De l’acteur au magnat des médias
En 1968, Clint fonde la Malpaso Company. À partir des années 1970, il joue presque exclusivement dans ses propres projets, à deux exceptions près. Posséder un studio lui donne le contrôle de son destin à Hollywood.

Oscars et maîtrise de la réalisation
Aujourd’hui, Eastwood détient cinq Oscars, dont quatre pour la réalisation. Son film « Impitoyable » l’a remporté en 1993, et « Million Dollar Baby » en 2004. Parmi les autres nominations, citons « Mystic River » et « American Sniper ».

La vie hors cinéma : golf, politique et musique.
À 94 ans, Clint réalise encore environ un film par an. Il est passionné de golf et possède un club privé. À la fin des années 80, il a été maire de Carmel, en Californie. Il est également compositeur de mélodies de jazz, dont certaines servent de bandes originales à ses films.

Vie personnelle : plus compliquée que n’importe quel scénario


Officiellement marié deux fois, la vie amoureuse de Clint compte bien d’autres femmes. Son premier mariage avec l’actrice Maggie Johnson a duré officiellement de 1953 à 1984, mais s’est terminé plus tôt dans la pratique. Entre-temps, il a fréquenté une danseuse, une hôtesse de l’air et une autre actrice. Son second mariage avec l’animatrice de télévision Dina Ruiz, de 35 ans sa cadette, a duré 17 ans, jusqu’à ce qu’elle le surprenne en flagrant délit de tromperie à 83 ans. Après le divorce, Clint est sorti avec Erika Fisher, de 41 ans sa cadette et n’ayant qu’un diplôme d’études secondaires. À plus de 90 ans, on peut se permettre ces choix si on est une star hollywoodienne.

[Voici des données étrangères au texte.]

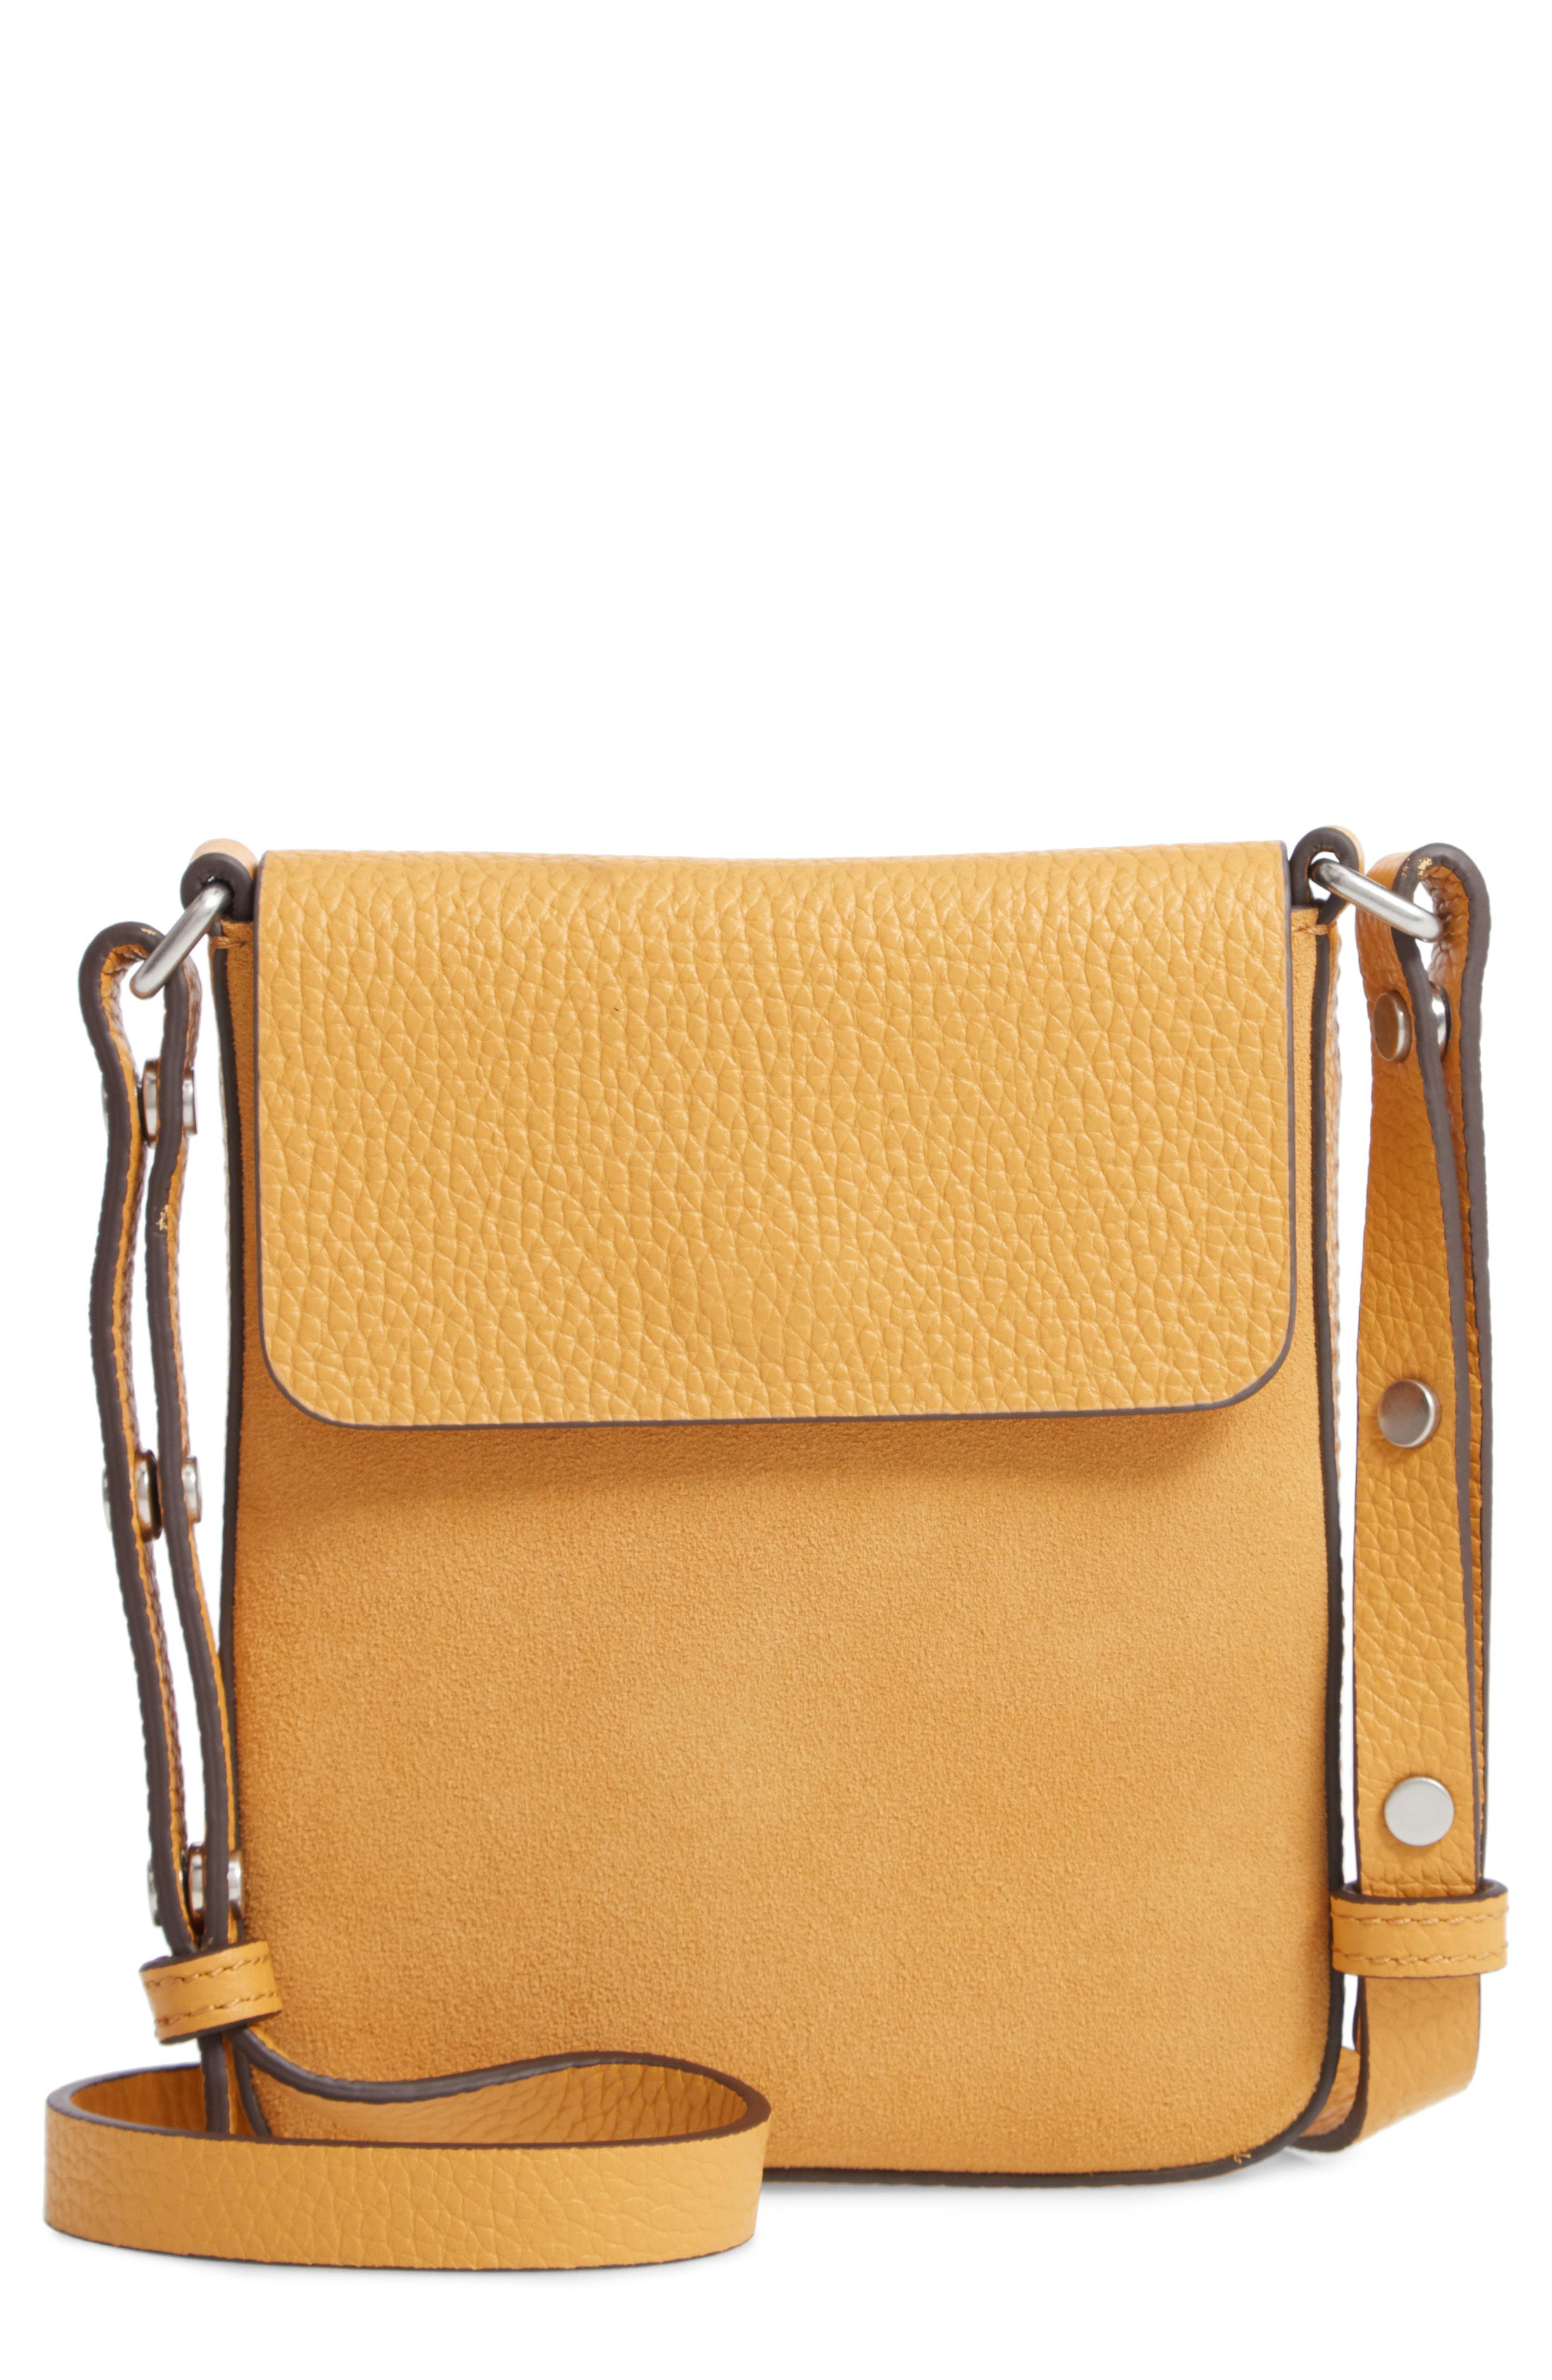 21a69572844f Treasure & Bond Madison Leather Crossbody Bag - Lyst

Sept enfants — Sept talents


Eastwood a sept enfants de femmes différentes, toutes ayant choisi une carrière artistique. Sa fille aînée, Kimber, est une actrice à la filmographie modeste ; son fils, Kyle, est musicien de jazz ; Alison est actrice et réalisatrice ; Scott est un acteur à succès qui ressemble à son père ; Katherine est également actrice ; ses cadettes, Francesca et Morgan, sont principalement connues grâce à l’émission de téléréalité « Mrs. Eastwood & Company ».